RNA preparation, cDNA synthesis, and quantitative reverse transcription PCR analysis (qRT-PCR)

RNA was extracted using RNAStat60 (TelTest) according to the manufacturer's directions. Genomic DNA contamination was eliminated by DNase I (Roche) treatment in 4.5 mM MgCl₂. cDNA for qPCR assays was prepared from 4 μg (tissue samples) or 1 μg (cell lines) DNase-treated RNA using High Capacity cDNA Reverse Transcription kit (Life Technologies). Gene expression levels were measured in triplicate wells of a 384-well reaction plate with 10 ng cDNA per well on an Applied Biosystems 7900HT with SYBR Green chemistry using the following primers: human Klotho forward, 5′-TCAAAAAGTTCATCATGGAAACC-3′ and reverse, 5′-ATGAGGGACCATGCGGTAT-3′; human βKlotho forward, 5′-ACCACGGCCATCTACATGAT-3′ and reverse, 5′-CGTATTTCATCTAACCTTATTGCTTG-3′; human γKlotho forward, 5′-GCAGCACACCACATCAT TAAGG-3′ and reverse, 5′-CTGCGCCACGTGGTGTTA-3′; mouse γKlotho forward, 5′-AAGTTACATTGCACT CAGTTCTGC-3′ and reverse, 5′-CCCTTTTATATCCAC GCCATC-3′; human FGFR1 forward, 5′-AGGCTACAAGG TCCGTTATGC-3′ and reverse, 5′-TGCCGTACTCATTC TCCACAA-3′; human FGFR2 forward, 5′-TTAAGCA GGAGCATCGCATTG-3′ and reverse, 5′-GGGACCACAC TTTCCATAATGAG-3′; human FGFR3 forward, 5′-CCTCGGGAGATGACGAAGAC-3′ and reverse, 5′-CGGGCCGTGTCCAGTAAGG-3′; human FGFR4 forward, 5′-TGCAGAATCTCACCTTGATTACA-3′ and reverse, 5′-GGGGTAACTGTGCCTATTCG-3′; human cyclophilin B forward, 5′-GGAGATGGCACAGGAGGAA −3′ and reverse, 5′-GCCCGTAGTGCTTCAGTTT-3′; human Rplp0 forward, 5′-CGAGGGCACCTGGAAAAC-3′ and reverse, 5′-CACATTCCCCCGGATATG-3′. Primers were designed using Roche Universal Probe Library Assay Design Center and used in 150 nM concentration. For primer validation and efficiency determination, standard human/mouse universal cDNA was used. PCR efficiencies were calculated from the slope of the resulting standard curves. qRT-PCR data were analyzed by ABI instrument software SDS2.1. Baseline values of amplification plots were set automatically and threshold values were kept constant to obtain normalized cycle time and linear regression data. Normalized mRNA levels, which are expressed as arbitrary units (AU), were obtained by dividing the averaged, efficiency corrected values for mRNA expression by that for reference gene (cyclophilin B and/or Rplp0) [72]. The resulting values were multiplied by 10² for graphical representation unless otherwise stated.
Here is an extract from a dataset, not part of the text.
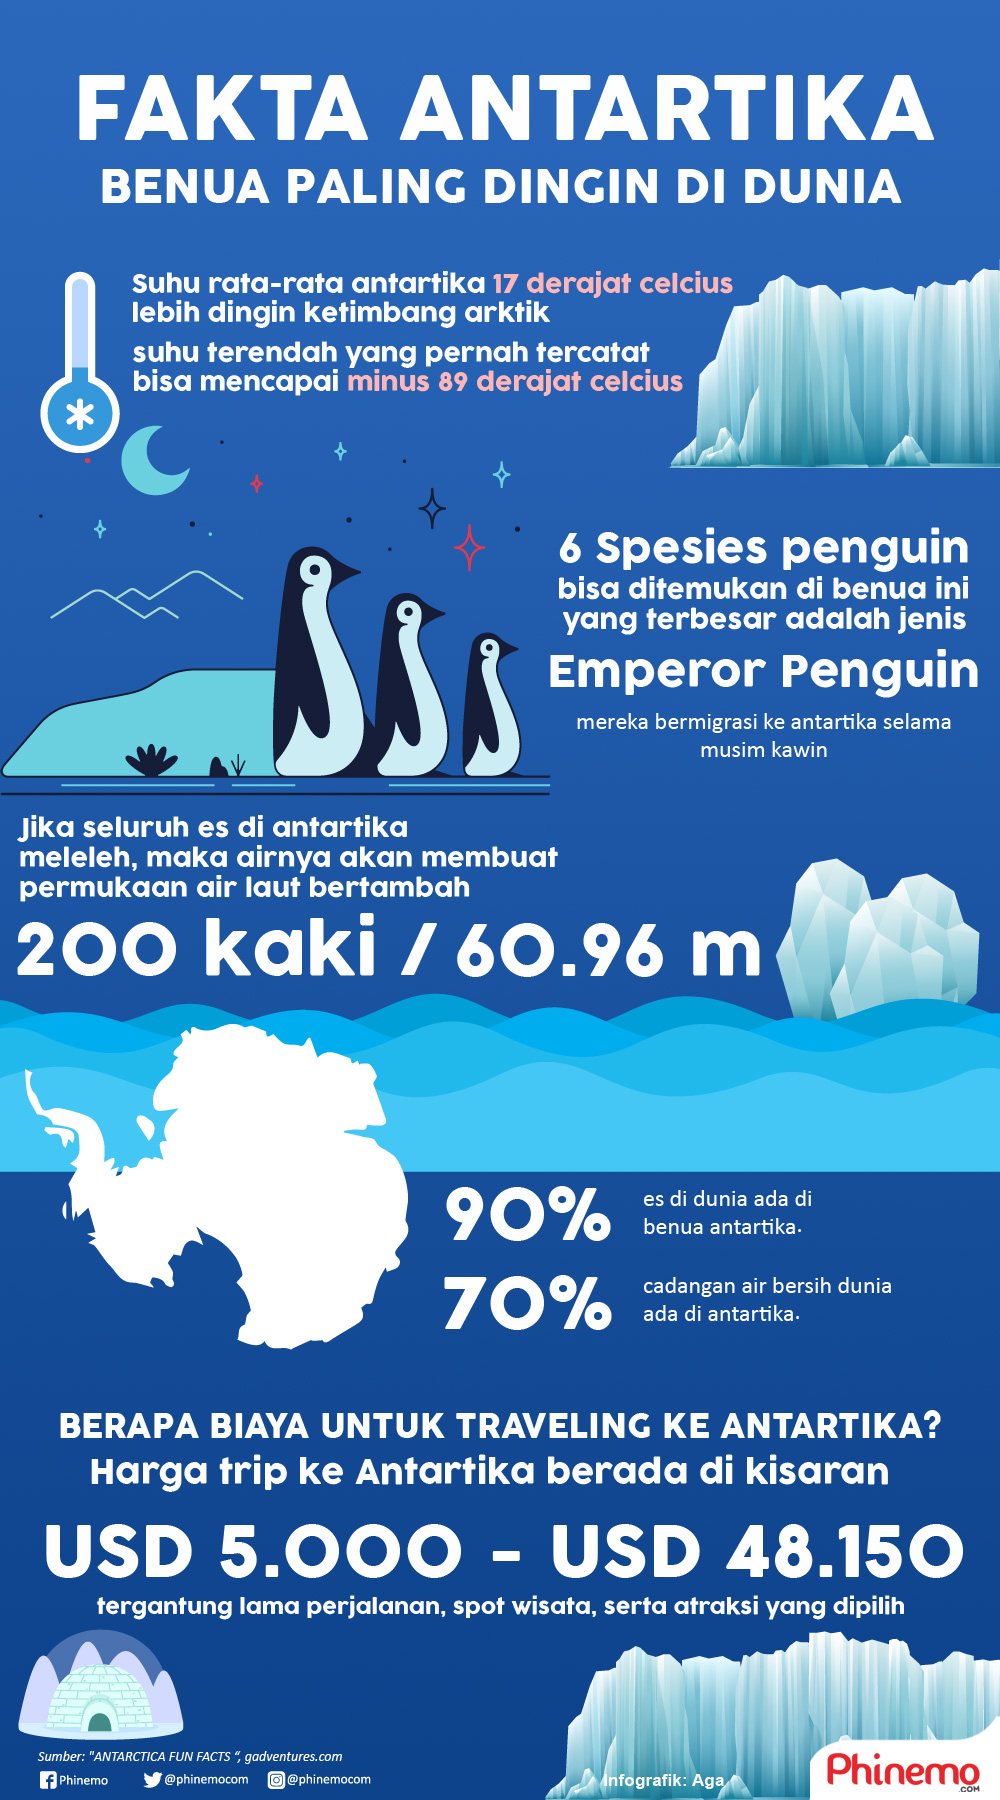 Benarkah benua antartika merupakan kawasan paling dingin di dunia
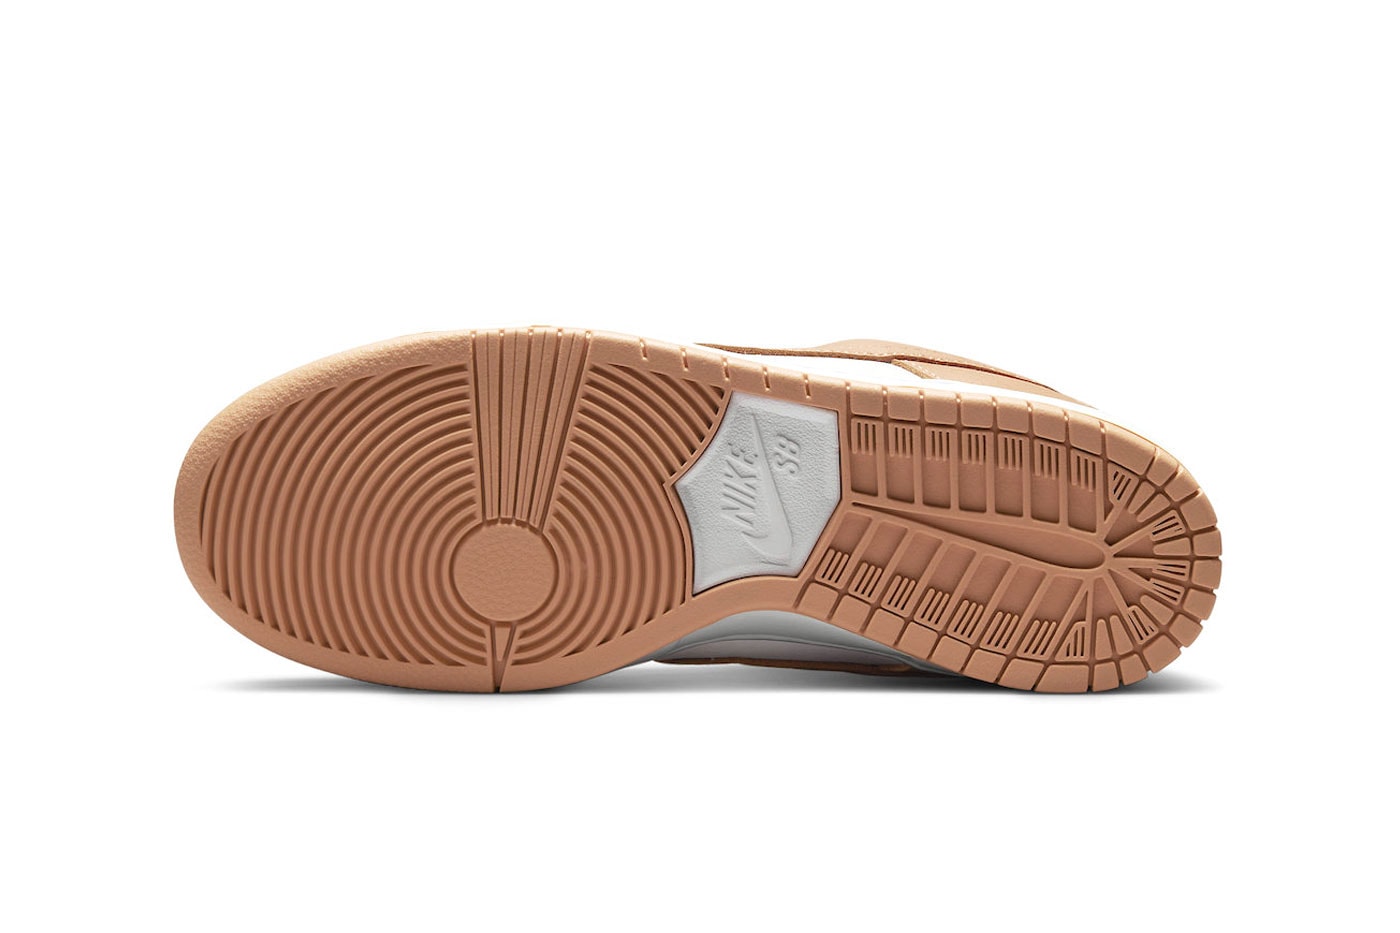 Nike SB Dunk Low light cognac dm8998-200 orange white leather tan release info price date 100 USD

Antibodies and plasmid constructs

Antibodies used in this study were as follows: anti-ERK (Cell Signaling Technology # 9102), anti-P-ERK (Cell Signaling Technology # 4370), anti-Tubulin (Sigma Aldrich #T6199), and anti-cleaved PARP (Cell Signaling Technology#9541), anti-P-AKT (S473, Cell Signaling Technology#4060P), anti-AKT (Cell Signaling Technology#4961P), anti-γH2AX (Milipore# 07-164). cDNAs containing the mouse or human γKlotho were cloned into the pEF1 vector (Invitrogen) with a Flag-epitope tag at the C terminus.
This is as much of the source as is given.